Ahora bien, más allá de la proliferación de ejemplos, quisiera hacer hincapié en la relevancia recuperada que -gracias a la perseverancia de figuras como la suya- se ha dado a la vía del mecenazgo privado. Obviamente, es preciso referirse a la tradición anglosajona para explicar la tímida pero firme penetración de tal espíritu en España y, en general, en el continente europeo. Sin embargo, sería históricamente inexacto identificarlo como una tendencia inédita y hostil, encaminada a privatizar la cultura. En rigor, lo realmente nuevo consistió en la nacionalización de la cultura que, tras la revolución francesa, cristalizó en la aparición de los museos (en 1793 se inaugura el Museo de la República, futuro Louvre) y en la instauración de un funcionariado a cargo de la gestión del patrimonio. Ello no debería hacernos olvidar la existencia previa de coleccionistas privados y de anticuarios dedicados al estudio de las obras de arte. Ni tampoco la aparición de los llamados Wunderkammer, gabinetes de maravillas en los que nobles y clérigos reunían objetos artísticos y naturales (como Athanasius Kircher o Rodolfo II de Habsburgo), pero también lo hacía una burguesía incipiente que se iba abriendo paso en las naciones que abrazaban el libre comercio. No extraña así que ya en 1585 se crease en Inglaterra la Society of Antiquaries of London. La Guerra de la Independencia y la otra revolución del XVIII (la estadounidense) dieron paso al surgimiento de una sociedad civil que -enlazando con la tradición anglosajona- desarrolló un civismo filantrópico con voluntad de hacerse responsable de la herencia cultural y del futuro formativo de la nación, de forma paralela, y no opuesta, a la labor del Estado. Aquí se encuentra el germen del impulso altruista que animó a industriales como Andrew Carnegie, Rockefeller o Ford, sustanciado al cabo en forma de fundaciones.

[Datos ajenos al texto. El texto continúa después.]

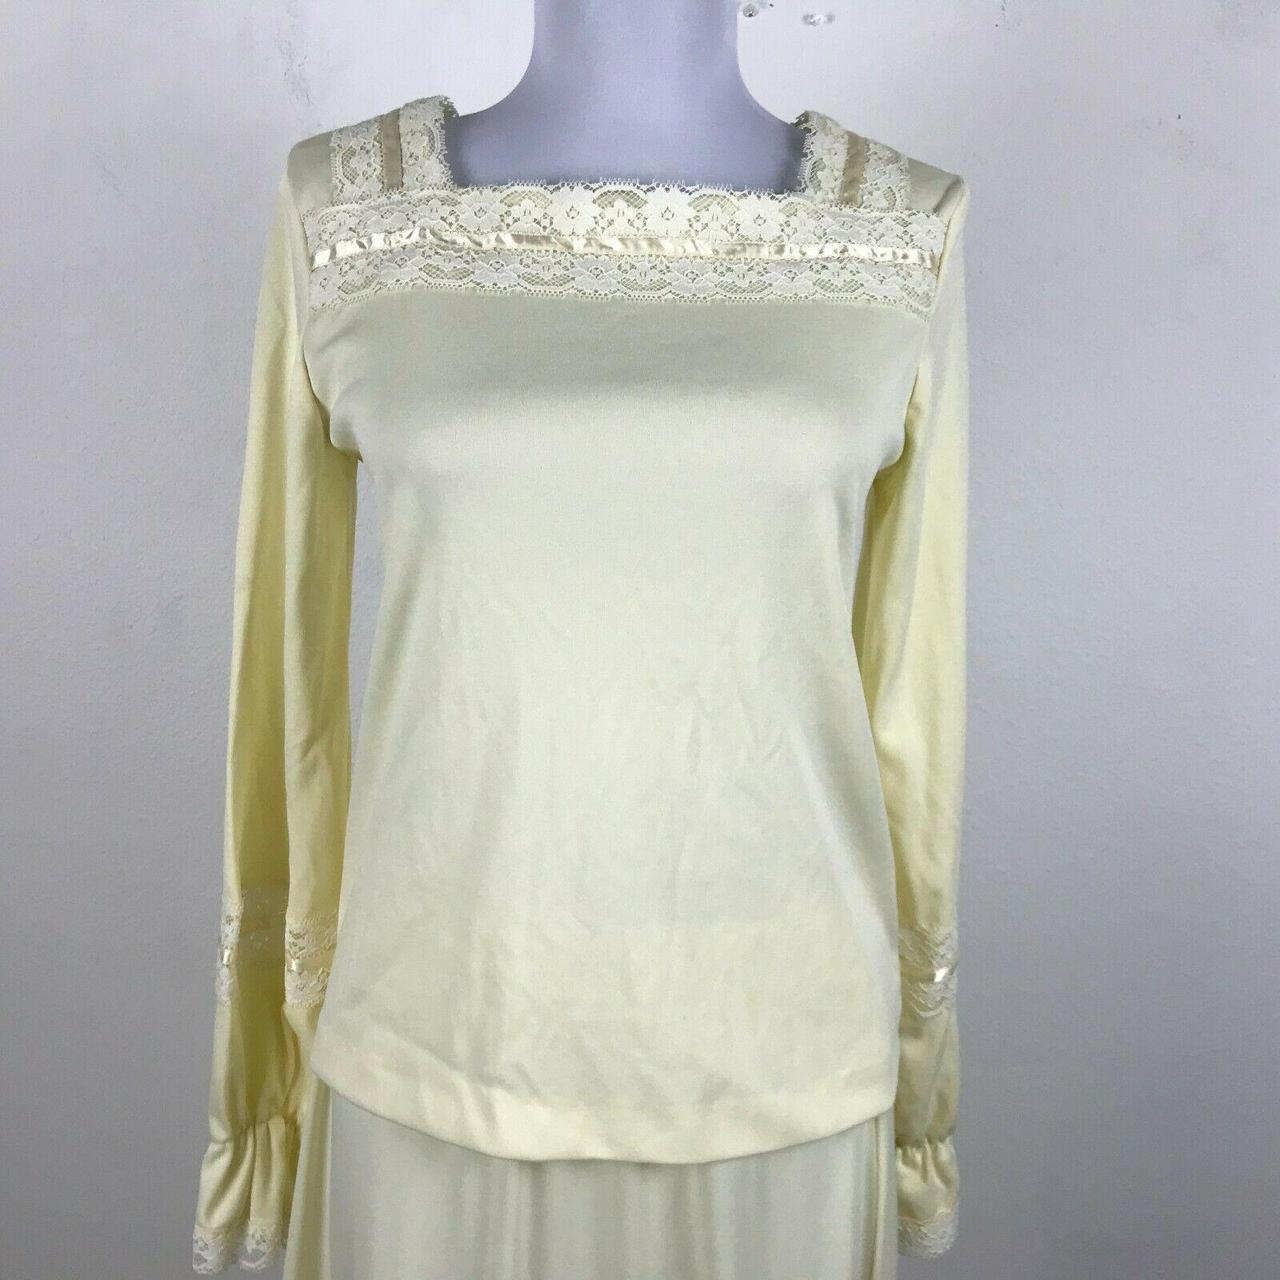 Product Image 2 - Vintage 1970s Prairie Suit Dress

Mientras tanto, en Europa se fraguaba una mentalidad burocrática que hacía equivaler el interés general con el interés estatal, minusvalorando hasta hace poco la solidaridad privada en la construcción del conocimiento o la ayuda al desarrollo. Afortunadamente, aunque no sin convulsiones, la Historia ha demostrado el desacierto que supone delegar exclusivamente tales funciones a un Estado providencia, tanto como ha reflejado la fructífera contribución que las empresas aportan al avance de la ciencia o la conservación museológica. Es más, la colaboración público-privada se revela hoy como una fórmula afortunada para gestionar un ámbito -el cultural- que en España define mejor que ningún otro nuestra imagen exterior. En este sentido, creo que la próxima Ley de Mecenazgo podría constituir un estupendo homenaje a todos aquellos filántropos que, como Botín, tanto han hecho y seguirán haciendo por las artes, la I+D+I y las humanidades.

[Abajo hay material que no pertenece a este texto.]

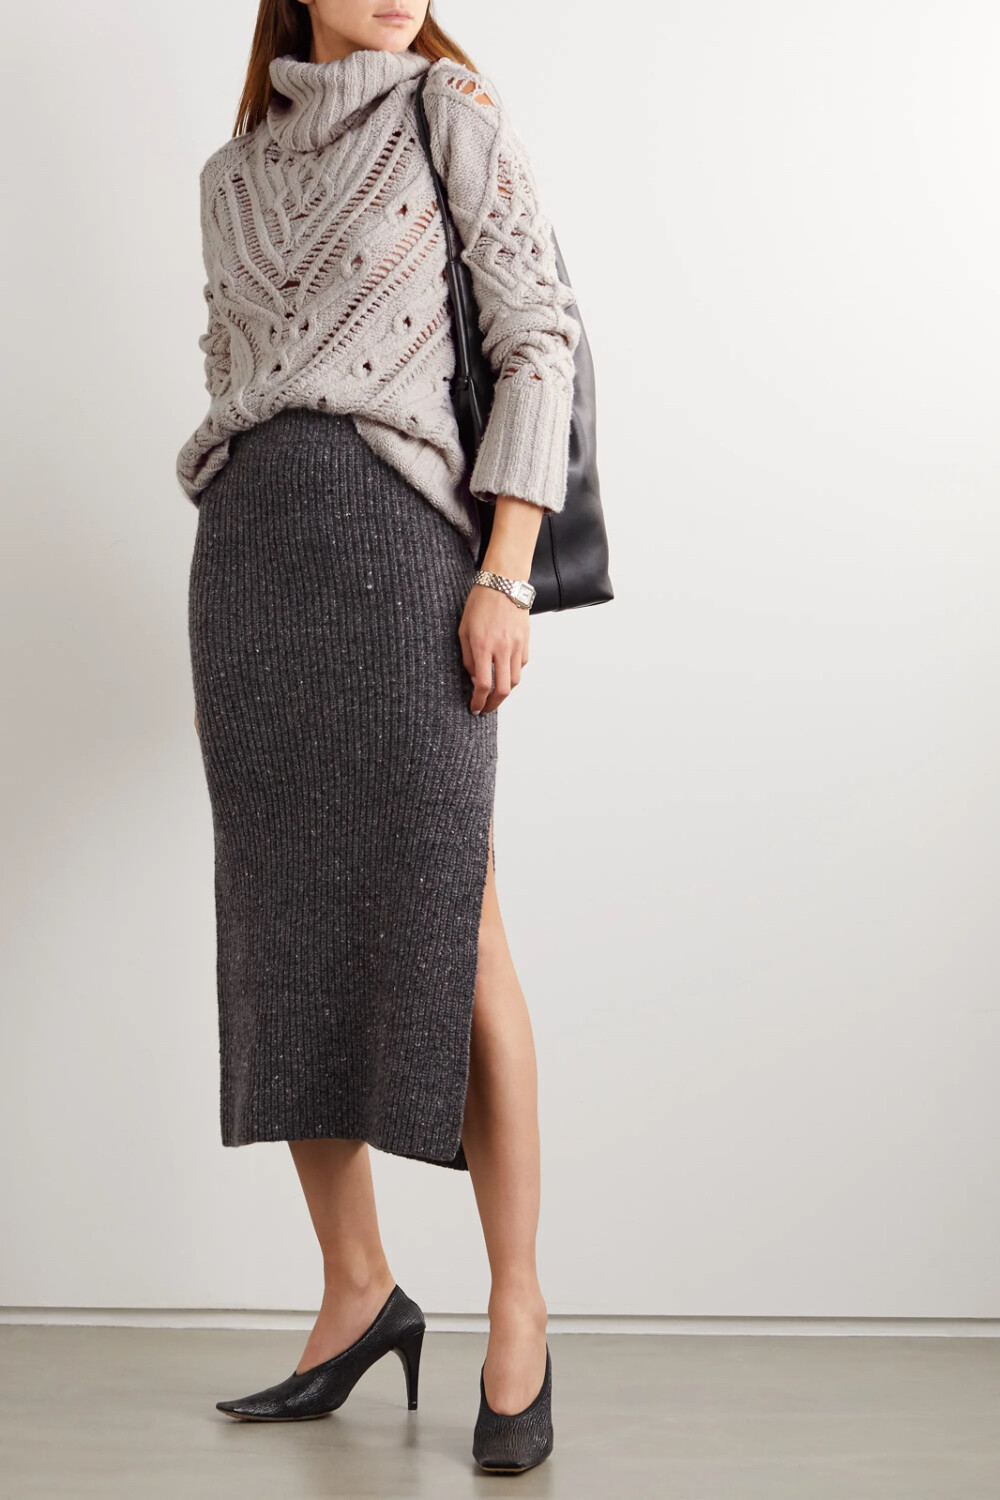 Altuzarra 这款 “Ernestine” 绞花针织毛衣出自 2020 秋冬系列，面料中含有大量厚实羊毛，因此手感分外柔软温暖。宽大高领配合宽松版型，显得慵懒随性，宽幅罗纹边则将轮廓稍稍固定，增添几分干练。不妨搭配同品牌 “Tony” 半身裙，并将衣摆半束入裙腰。
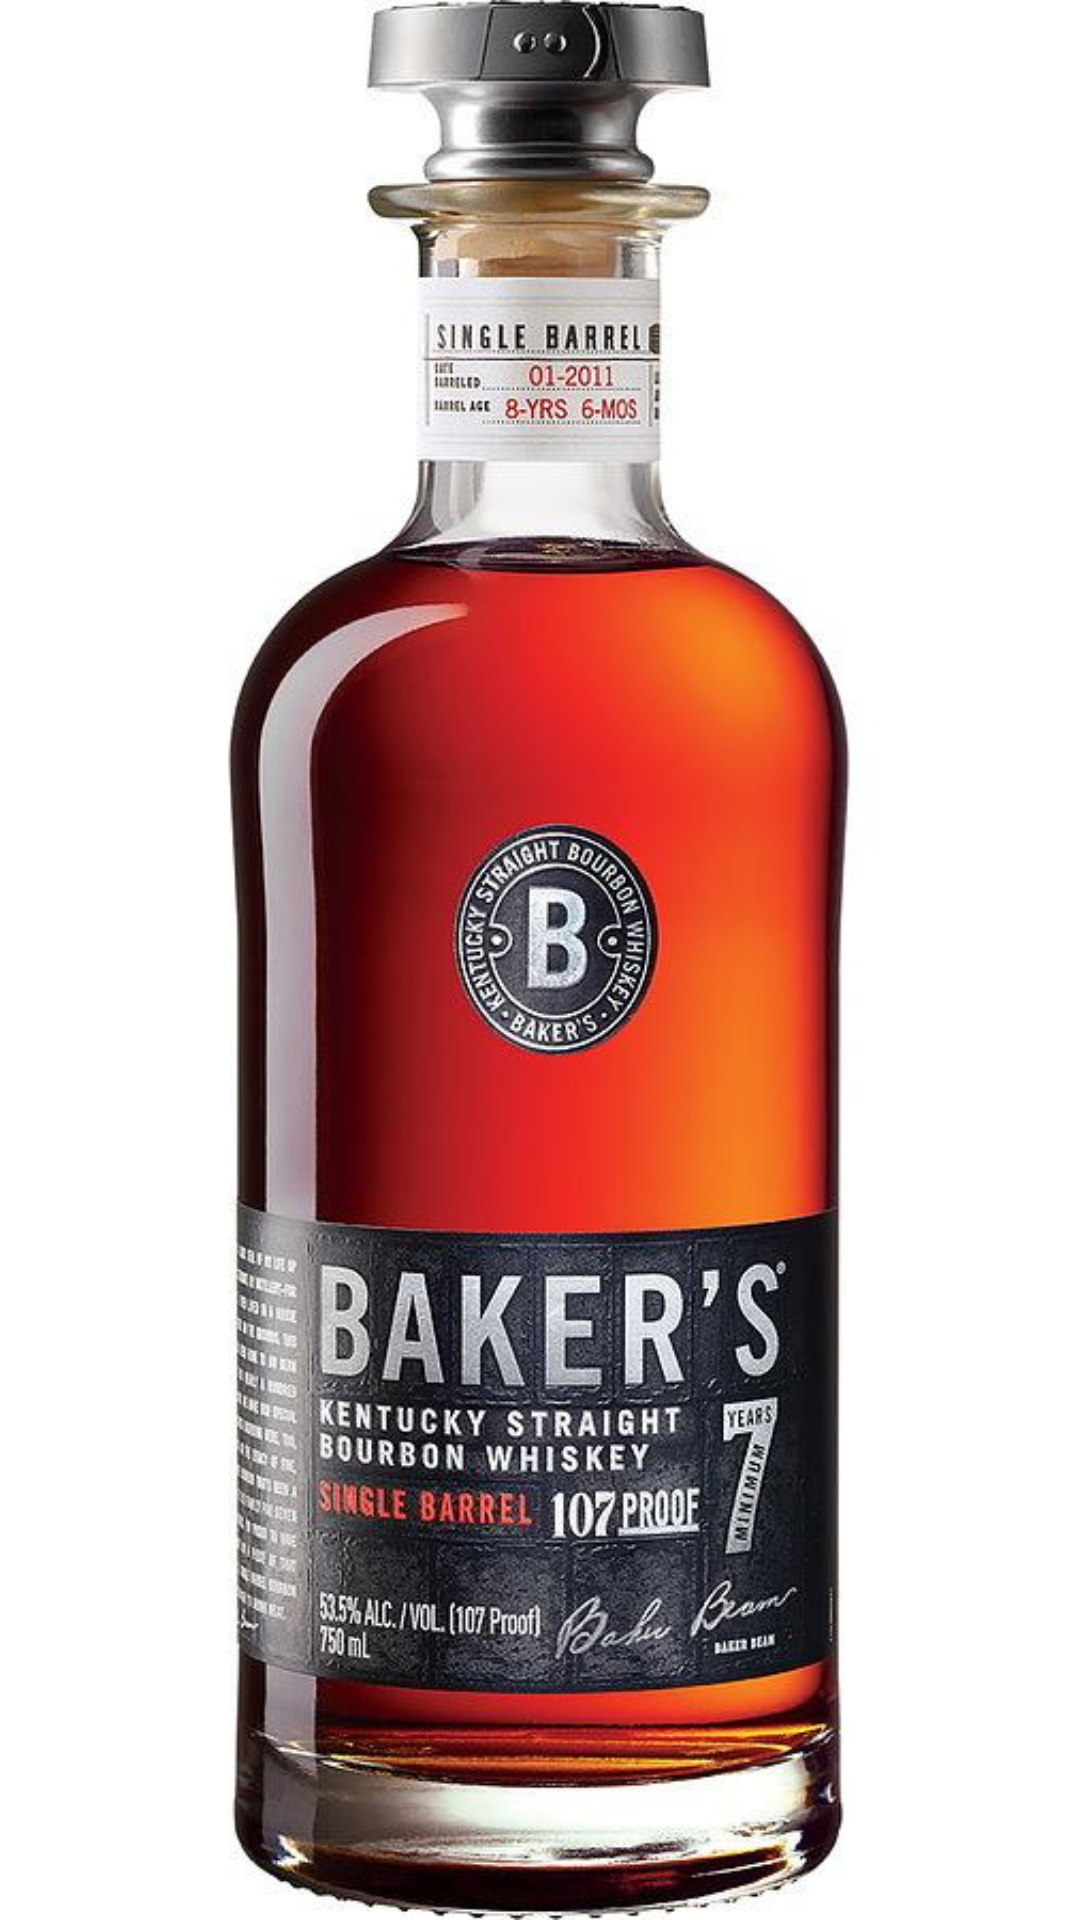 Baker's Bourbon 7 Year Old Single Barrel 107 Proof Kentucky

Ahora bien, más allá de la proliferación de ejemplos, quisiera hacer hincapié en la relevancia recuperada que -gracias a la perseverancia de figuras como la suya- se ha dado a la vía del mecenazgo privado. Obviamente, es preciso referirse a la tradición anglosajona para explicar la tímida pero firme penetración de tal espíritu en España y, en general, en el continente europeo. Sin embargo, sería históricamente inexacto identificarlo como una tendencia inédita y hostil, encaminada a privatizar la cultura. En rigor, lo realmente nuevo consistió en la nacionalización de la cultura que, tras la revolución francesa, cristalizó en la aparición de los museos (en 1793 se inaugura el Museo de la República, futuro Louvre) y en la instauración de un funcionariado a cargo de la gestión del patrimonio. Ello no debería hacernos olvidar la existencia previa de coleccionistas privados y de anticuarios dedicados al estudio de las obras de arte. Ni tampoco la aparición de los llamados Wunderkammer, gabinetes de maravillas en los que nobles y clérigos reunían objetos artísticos y naturales (como Athanasius Kircher o Rodolfo II de Habsburgo), pero también lo hacía una burguesía incipiente que se iba abriendo paso en las naciones que abrazaban el libre comercio. No extraña así que ya en 1585 se crease en Inglaterra la Society of Antiquaries of London. La Guerra de la Independencia y la otra revolución del XVIII (la estadounidense) dieron paso al surgimiento de una sociedad civil que -enlazando con la tradición anglosajona- desarrolló un civismo filantrópico con voluntad de hacerse responsable de la herencia cultural y del futuro formativo de la nación, de forma paralela, y no opuesta, a la labor del Estado. Aquí se encuentra el germen del impulso altruista que animó a industriales como Andrew Carnegie, Rockefeller o Ford, sustanciado al cabo en forma de fundaciones.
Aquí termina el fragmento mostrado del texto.